U.S. Immigration and Customs Enforcement (ICE) is advancing a proposal to establish a privately-operated, around-the-clock transportation system across Texas. This initiative is projected to strengthen Texas as a critical hub for a systematic deportation network, funneling detained immigrants from 254 counties into ICE facilities statewide.
Planning documents reviewed indicate that this transport grid would facilitate regular detainee transfers, with each journey averaging about 100 miles. Under the proposal, every county in Texas would host a small, continuous team of armed contractors tasked with collecting immigrants from local authorities that have been vested with ICE’s authority. This transition effectively shifts the custody of these immigrants to private entities authorized to carry firearms and manage transport operations at various state and ICE locations.
This proposal comes as part of a broader push by the Trump administration to ramp up interior immigration enforcement. Over the past year, the Department of Homeland Security (DHS), which supervises ICE, has invested heavily in detention contracts, revived agreements allowing local police to assist in immigration enforcement, and directed ICE to increase deportations domestically. The transportation strategy aligns with this initiative, aiming to optimize the process of moving detainees quickly and efficiently, with a reduced visible federal presence.
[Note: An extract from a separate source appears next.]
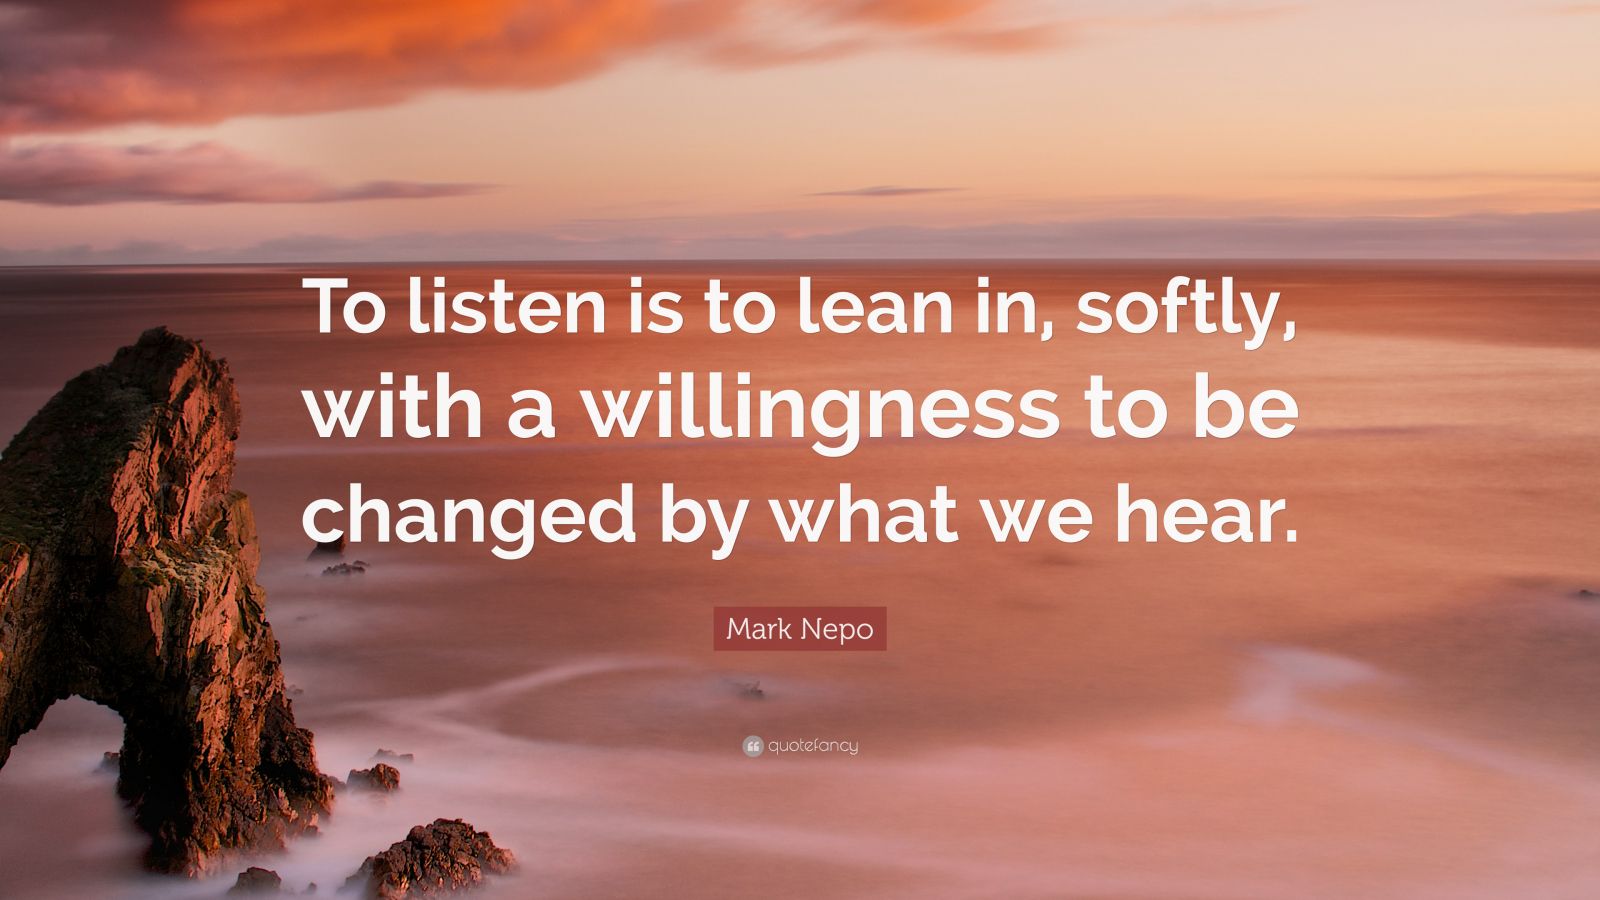 4718728 Mark Nepo Quote To listen is to lean in softly with a willingness

ICE recently issued a "Transportation Support for Texas" market probe that outlines staffing requirements, vehicle availability, and response times for prospective vendors. The draft suggests setting up 254 transport hubs across Texas, each manned by two armed contractors around the clock. The document specifies that contractor vehicles must respond within 30 minutes and maintain an operational readiness rate of 80% across three daily shifts. As calculated, this would necessitate over 2,000 full-time staff and a considerable fleet of vehicles available at all hours.
This plan marks a significant shift, as ICE appears poised to delegate much of the logistics of deportation to private contractors, effectively becoming a supervisory agency that establishes protocols and standards. The operation is set within a legal framework strengthened by the Texas legislature, including Senate Bill 8, which mandates that county sheriffs entering into jail administration agreements with ICE must implement a 287(g) program fostering cooperation with federal authorities. This law goes into effect at the start of the new year.
Under the 287(g) model, local law enforcement can screen and process immigrants for ICE within jails, execute administrative warrants on detainees, or actively seek out undocumented immigrants during routine policing activities. The rise of these agreements under the Trump administration has seen a drastic increase, with over a thousand local enforcement agencies now partnered with ICE.
Financial incentives for local law enforcement agencies participating in the 287(g) program further promote compliance; federal funds can cover salaries and operational costs for deputized officers, with potential bonuses linked to arrest performance. These developments suggest that Texas is on the verge of functioning as a de facto extension of federal immigration enforcement, integrating it seamlessly into everyday law enforcement practices and undermining the concept of state sovereignty in favor of national immigration policy.